Although your team is friendly you find it hard to approach them sometimes as they have their own deliverables on top of the training agenda they have put together for you. Your role is very heavy on models created on Microsoft Excel, and your training for the new job is done solely through video call and screensharing on Zoom.

There is an online team chat for any questions, but the nature of your work is quite urgent, and you can get anxious when replies are delayed. It is a hectic business environment with many transactions occurring.

After a couple of months your director asks you to conduct a data reconciliation check between a few different models. You have received basic training on this, and you are fairly confident of your ability. It’s crucial to deliver this within the timeline as an internal team is depending on it to progress the client’s work. You probably won’t hear back in time from the colleague who would normally provide guidance over Zoom and this could be a good opportunity to stand out.

What would you do?

  • Who are you most accountable to in this situation?
  • What ethical considerations would you give to this?

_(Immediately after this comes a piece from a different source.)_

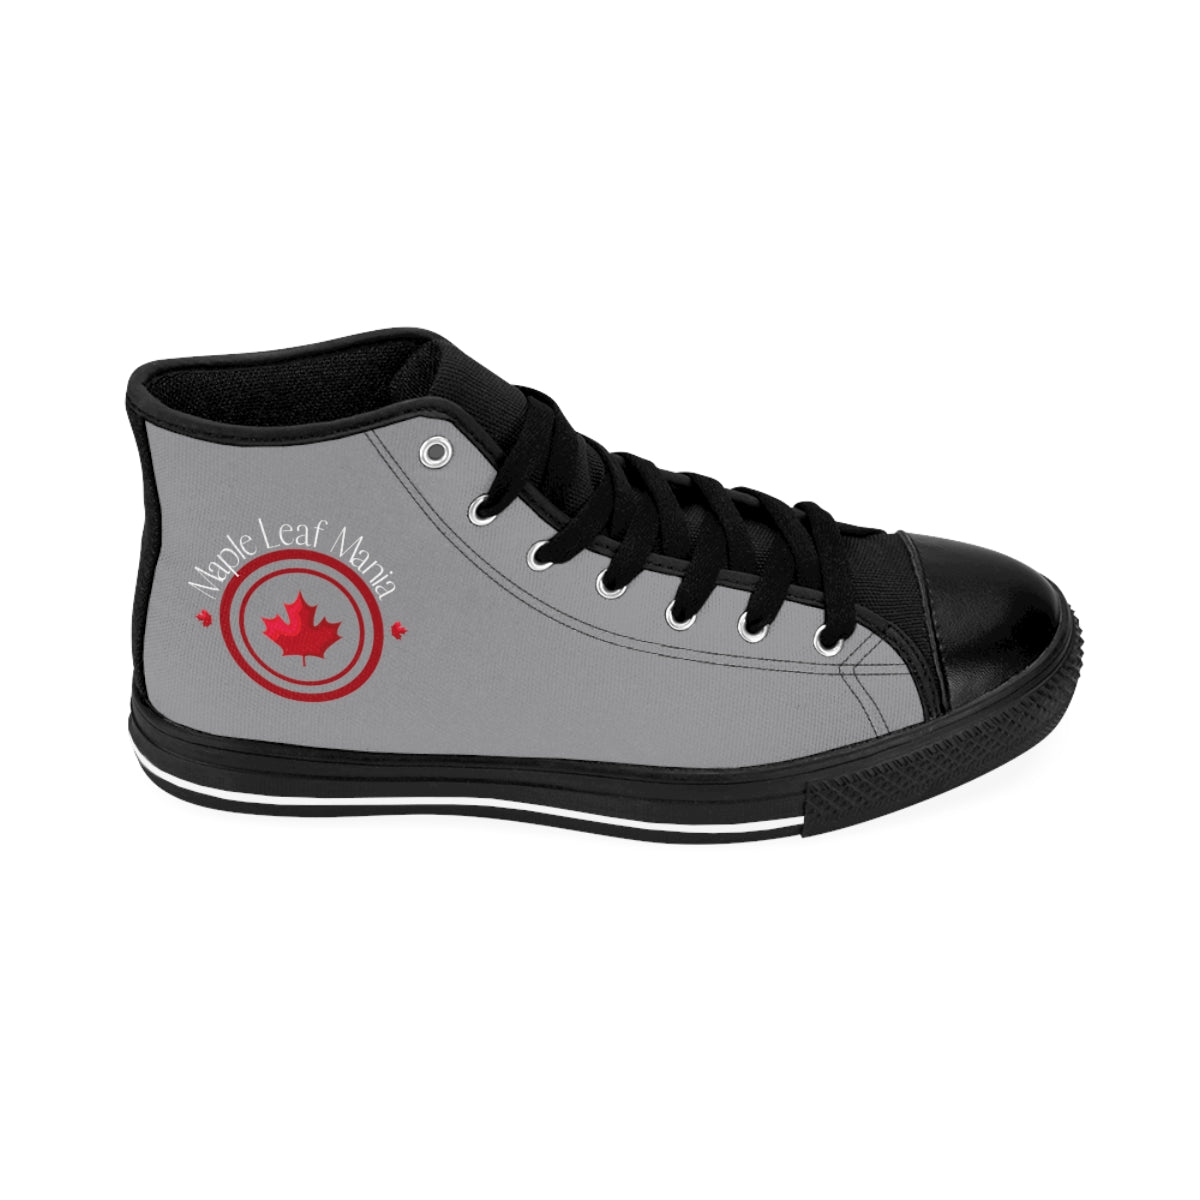 MEN'S HIGH TOP CLASSIC SNEAKERS, MAPLE LEAF MANIA SNEAKERS, BLACK HIGH TOP SNEAKERS GRAY

We challenge you to create a healthy discussion with your colleagues and post a comment below. You could even encourage them to consider taking The Banking and Finance Oath!

Please share your ethical dilemmas with us - we can post them anonymously. You can email your dilemmas to dilemma@thebfo.org 

Note, this dilemma was first published by The BFO in November 2019. 

Comments

There are 2 comments for The ethics of working remotely… what would you do?.

Re: The ethics of working remotely… what would you do?

Thursday 22 October, 2020
by George
This is more a management/leadership issue. The new analyst should have the opportunity to feedback and discuss any of these concerns and issues to her boss. I would say it is the analyst's responsibility to arrange this with her boss. She is responsible to all her stakeholders. However, she needs to be able to do her job. Being at home doesn't mean you are on your own. She has to reach out well in advance and not think she has to work in isolation.

Re: The ethics of working remotely… what would you do?

Thursday 22 October, 2020
by Linda
I've felt this pressure already with working in a new office and not having immediate support due to lack of training and staff taking unexpected leave. You need to reach out and ask for help from all resources/people/contacts available if you feel your wavering from delivering. Talking and communicating and not thinking you have to stand out and take all on your own shoulders. We are all human and we will succeed sometimes and we are allowed to fail sometimes too.